**THE TASK**
Of the records that follow, copy only the lines from the line containing "Hilscher Logo" to the line containing "2009 Volkswagen Passat", both included, exactly as written.

**INPUT DATA**
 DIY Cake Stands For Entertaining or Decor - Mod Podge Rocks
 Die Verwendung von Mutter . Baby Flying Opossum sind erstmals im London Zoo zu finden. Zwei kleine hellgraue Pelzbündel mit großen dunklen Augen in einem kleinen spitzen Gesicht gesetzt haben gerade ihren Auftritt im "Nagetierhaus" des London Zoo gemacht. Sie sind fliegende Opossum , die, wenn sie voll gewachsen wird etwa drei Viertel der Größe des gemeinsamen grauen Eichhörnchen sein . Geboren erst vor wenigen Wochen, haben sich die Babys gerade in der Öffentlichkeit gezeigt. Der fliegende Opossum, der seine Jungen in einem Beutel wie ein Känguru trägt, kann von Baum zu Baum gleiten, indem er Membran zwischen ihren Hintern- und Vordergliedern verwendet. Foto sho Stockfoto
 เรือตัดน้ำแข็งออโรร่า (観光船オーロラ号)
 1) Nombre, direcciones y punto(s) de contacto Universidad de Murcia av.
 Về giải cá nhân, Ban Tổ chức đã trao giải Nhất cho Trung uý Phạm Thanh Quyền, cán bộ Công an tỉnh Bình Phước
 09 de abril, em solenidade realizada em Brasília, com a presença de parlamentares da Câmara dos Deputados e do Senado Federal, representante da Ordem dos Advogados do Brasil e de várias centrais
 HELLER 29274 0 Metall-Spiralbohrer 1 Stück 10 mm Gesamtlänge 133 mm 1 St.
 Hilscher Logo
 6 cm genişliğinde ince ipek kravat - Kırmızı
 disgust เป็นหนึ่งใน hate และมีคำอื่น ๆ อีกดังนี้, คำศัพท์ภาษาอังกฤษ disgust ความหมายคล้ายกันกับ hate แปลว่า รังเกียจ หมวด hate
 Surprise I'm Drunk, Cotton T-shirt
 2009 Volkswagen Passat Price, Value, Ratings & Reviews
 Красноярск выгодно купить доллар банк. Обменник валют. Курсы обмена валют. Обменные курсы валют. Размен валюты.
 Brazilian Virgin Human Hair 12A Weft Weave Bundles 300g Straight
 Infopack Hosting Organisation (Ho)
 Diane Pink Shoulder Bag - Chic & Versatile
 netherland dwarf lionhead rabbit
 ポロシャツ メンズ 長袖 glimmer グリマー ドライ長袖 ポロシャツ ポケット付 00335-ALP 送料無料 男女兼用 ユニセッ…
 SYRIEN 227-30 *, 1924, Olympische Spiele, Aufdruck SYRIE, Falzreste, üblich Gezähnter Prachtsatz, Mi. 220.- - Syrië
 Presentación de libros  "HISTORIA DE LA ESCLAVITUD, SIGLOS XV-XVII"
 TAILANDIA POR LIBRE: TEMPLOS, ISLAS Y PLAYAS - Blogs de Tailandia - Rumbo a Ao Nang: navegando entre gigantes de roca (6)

**EXERCISE RESULT**
 Hilscher Logo
 6 cm genişliğinde ince ipek kravat - Kırmızı
 disgust เป็นหนึ่งใน hate และมีคำอื่น ๆ อีกดังนี้, คำศัพท์ภาษาอังกฤษ disgust ความหมายคล้ายกันกับ hate แปลว่า รังเกียจ หมวด hate
 Surprise I'm Drunk, Cotton T-shirt
 2009 Volkswagen Passat Price, Value, Ratings & Reviews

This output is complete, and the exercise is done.